Home - Kwadla-Kuse and Sovane Pre-schools


The Milimani Educational Trust was established in July 2003.  
The Trust focuses on uplifting neighbouring communities in the Magudu area, northern KwaZulu-Natal, South Africa.

There are five Trustees:
Lois Kuhle – former owner of Milimani Game Sanctuary, neighbouring these communities.
Colette Tracy – farmer, and former owner of the adjacent property to Milimani Game Sanctuary.
David Clark – Director, Clark and Associates, an accounting company based in Durban.
Carol Houghting – former teacher, now living in Durban.
Pierre Neethling (passed away in 2015) – Company Director, and Trustee for Wildlands Conservation Trust based in KwaZulu-Natal.

Milimani Game Sanctuary was owned by Ken and Lois Kuhle from 2000 to 2005.  During this time they worked closely with the neighbouring communities of KwaDlakuse and Sovane.  
The Sanctuary believed strongly in responsible tourism and the upliftment of these impoverished communities.

In May 2005 Ken tragically died of a heart attack.  During the same month Milimani Game Sanctuary (2,600 hectares) and the surrounding 12,500 hectares of privately owned land was part of a successful land claim lodged by the Gumbi Community.  The Emvokweni Trust in conjunction with the Department of Land Affairs is now managing these properties, renamed Somkanda Game Reserve.

Due to these circumstances Lois Kuhle and Collette Tracy were obliged to relocate. 
Lois has moved to Durban/ Pongola and Collette and her husband are now farming in Hluhluwe.

Despite these circumstances the Milimani Educational Trust still continues to support the communities that they had made a commitment to in 2003.


The Trust is committed to helping the women and youth in KwaDlakuse and Sovane by supporting the Government Primary and High Schools in Sovane, and two privately run pre-schools in both communities.  

Sovane houses a community of approximately 3,000 people.  There are between 650-700 students in Dlakuse Primary School and 350-400 students in the High School during any given year.  KwaDlakuse is a smaller community of approximately 600 people.  Children from this community travel 14 kilometres to attend school in Sovane.

The Trust, Milimani staff and British students completing their Gold Award for the Duke of Edinburgh Award Scheme constructed a pre-school in KwaDlakuse in July 2003.  During any given year there are between 25 – 30 children at the pre-school.  In early 2005 the Trust recognised a small pre-school in Sovane that was being conducted in what can only be described as an abandoned dwelling.  By the end of 2005 the Trust had supplied building materials to the community to construct a safe and permanent building for the pre-school.
These communities are poor, many children have been orphaned due to Aids, or are being raised by a single parent.  It is not easy to survive on subsistence farming due to the terrain and low rainfall, and employment levels are low.

As the pre-schools receive no government support they rely heavily on the Milimani Trust for all their needs.  
The teachers receive a minimal payment of R25 per student per month.

In 2004 the Trust paid for 164 children to go to school and in 2005 this was raised to 360 children.  Sadly the Trust was unable to assist with school fees in thereafter.

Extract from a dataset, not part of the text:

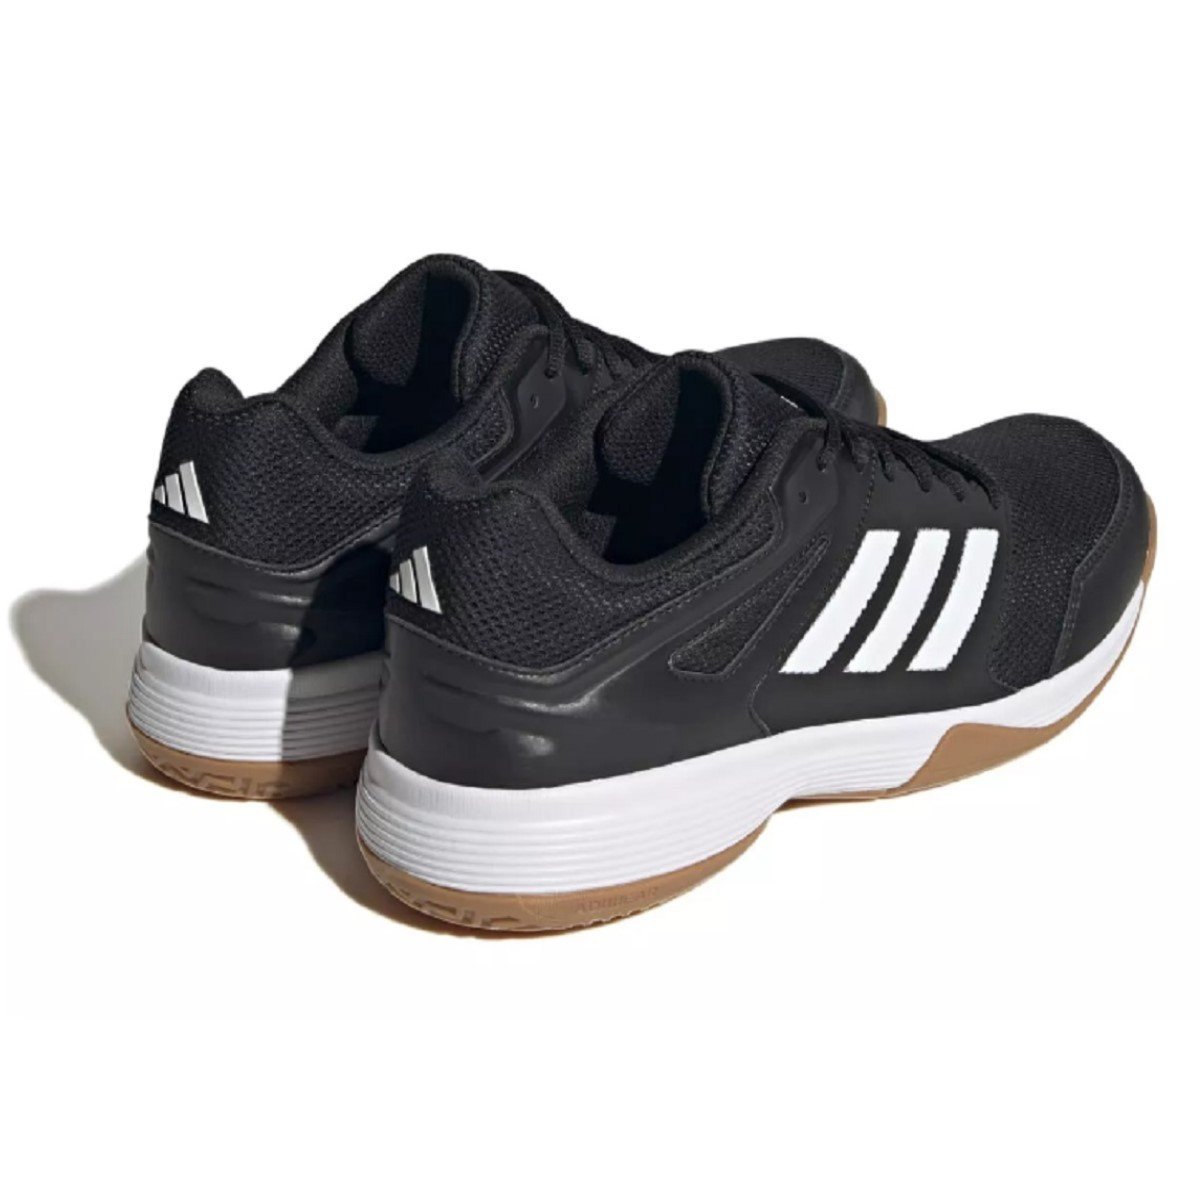 Obuv Adidas Speedcourt M - čierna/biela
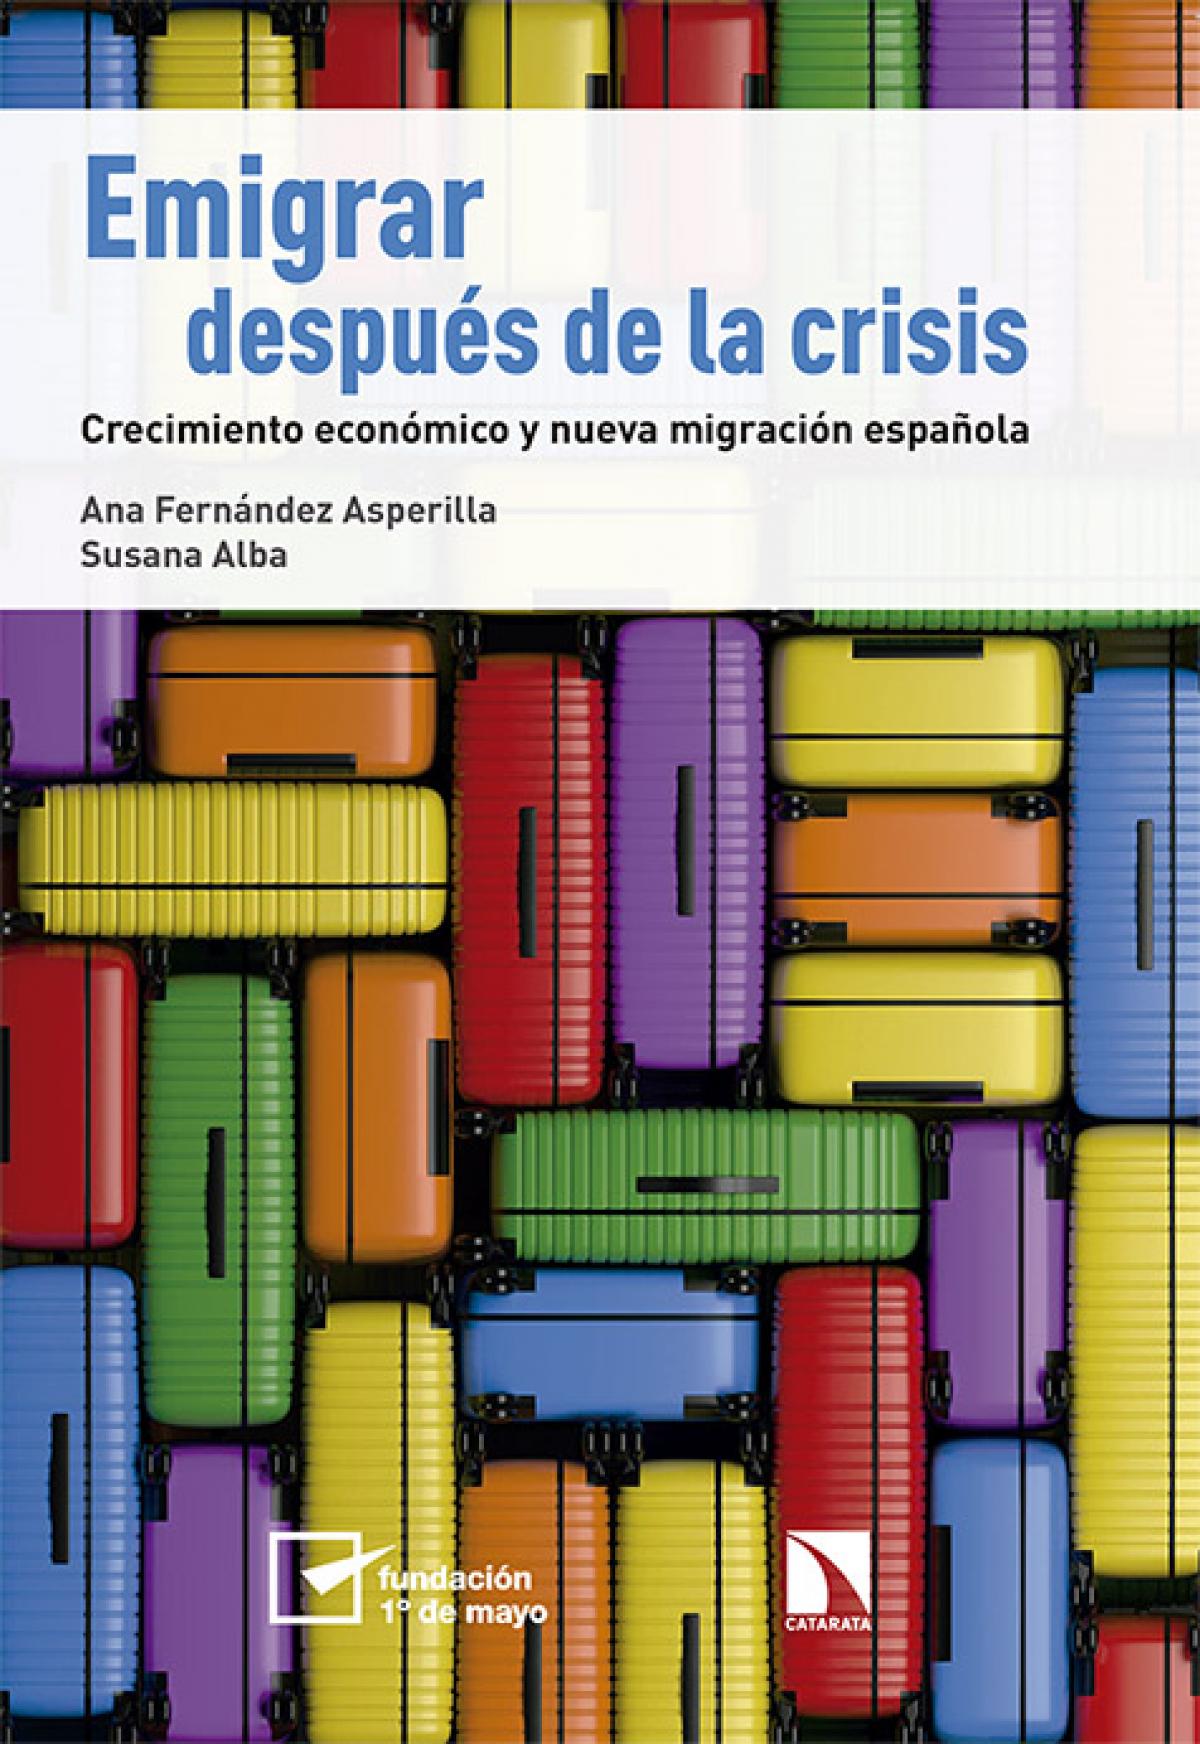 Portada libro "Emigrar después de la crisis"

In addition to paying for school fees the Trust has donated second hand computers to the High School.  It is the only building with electricity. 6 computers were donated by caring people in Durban and 15 were donated by First National Bank Home Loans, Durban.  The Computer Room at Prince Bhekintinta High School has been established in memory of Ken Kuhle.

Other donations include clothing, food (3 tons of mielie meal from Tiger Brands), stationery, sports equipment, clothing, educational aids and where necessary we have supplied medication.  In 2004 the pre-school children in KwaDlakuse had terrible Natal Sores and we managed to get them anti-biotic treatment.  There are two Albino children who have been given glasses.  In addition the Trust has been key in establishing vegetable growing schemes in both communities. These two communities of nearly 4,000 people rely on 2 boreholes serviced by hand-pumps.  This area has been severely affected by the drought.

The two pre-schools receive stationery and learning aids, and most importantly are supplied with food for the children so that they receive five substantial meals per week.


The Trust welcomes financial donations, but donations in kind such as food and clothing are even more welcome.  The Trust does not retain any costs for administration, thus 100% of the money goes straight to the community.

During 2000 to 2005 the bulk of the funds were raised from tourists that visited Milimani Game Sanctuary.  Tourists were encouraged to cross the Mkuze River and visit the community and were entertained by the children at the pre-school.

However, due to the land claim and the change of ownership of Milimani the Trust is no longer able to source funds through tourists.

Despite Lois’ relocation to Durban she remains dedicated to working with these 
communities and regularly visits the area distributing food, educational aids.